Sunday 7 January 2007

The Digital Wild

In The Vital Machine, scientist-historian David Channell says, 'One of the most important issues facing us as we move toward the twenty-first century is a new relationship between technology and organic life.' Pointing to medical procedures and engineering technologies that extend life and make survival possible, he argues that the boundaries between the natural and artificial have become less clear. This ambiguity - which he calls 'liminality'- between humans and machines brings discomfort to humans, and for that reason he argues that we need to engage in a reexamination of the relationship between humans and technology so that we can 'intelligently and responsibly deal with [the new technical developments]' (3-4).
The dichotomy of machine and organic suggested in Channell's argument is interesting when we consider that a driving force underlying much of what we humans do is a need to set ourselves apart, not only from the artificial but also from other organic life. As far back as Aristotle, we have classified, categorized, and codified organic life, arriving at the idea that what sets us apart from other life forms is that we 'liv[e] by art and reasonings' (Metaphysica 980b 26-7).
So, in a sense what this special issue, 'Wild Nature and the Digital Life' is meant to do is to refine Channell's call for reexamination by stepping back from distinctions of humanity and technology and looking instead at the liminal spaces between nature and humanity mediated as both are (or can be) through computer technologies.
Perhaps by doing so we will come to understand that that technology is not a category of objects that exist outside of humanity but within it. The essays, art, and ideas that Sue and I have put together for this issue tell us that a more productive response to new technical developments may be one that does not focus on distinctions between the natural and the artificial but rather one that articulates what humanity gains and loses when the natural and artificial come together. Is it not the unknown, the lack of understanding of their relationship, that makes either (and both together) "wild"?
Dene Grigar

"In Wildness is the preservation of the World."
Henry David Thoreau
In the introduction to the "Wild Nature and the Digital Life" Special Issue of the LEA, Dene Grigar asks: "How are humans reinventing 'the wild' digitally?
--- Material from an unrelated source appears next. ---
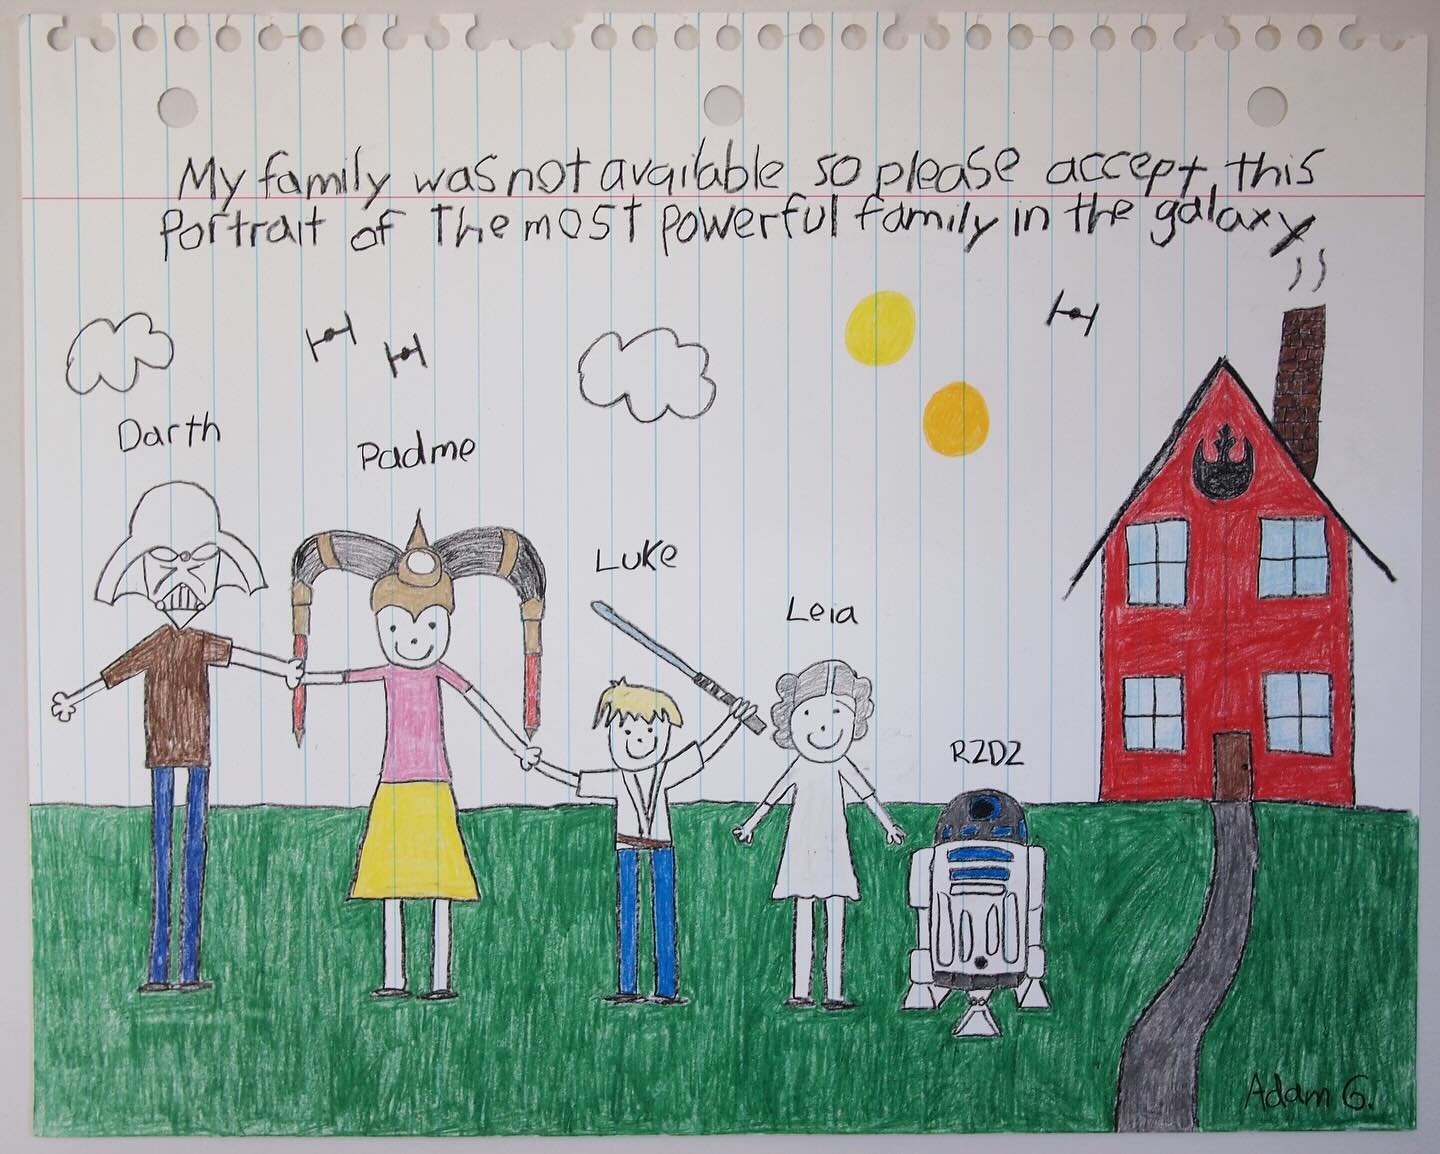 &ldquo;Star Wars Family&rdquo;, 40x32 inches. May the 4th be with you. #maytheforcebewithyou #maythefourthbewithyou #starwars  #middleschool #detention #popart #art #artinspiration #artlife #artistic #artoftheday #artgallery #artistsofinstagram #crea

What is the relationship between humans and wild nature, and has it changed with the advent of computer technology?"
The terms "wild", "wildness", and "wilderness" have undergone quite a few transformations -- from a designation of the beastly and savage to the sublime antithesis of "culture" to the rare and endangered spaces that need to be preserved. But in all cases, the "wild" has represented an instance that was opposed to civilization and the problems of humanity - a form of uncontaminated purity.

Both last two LEA's look very relevant to me.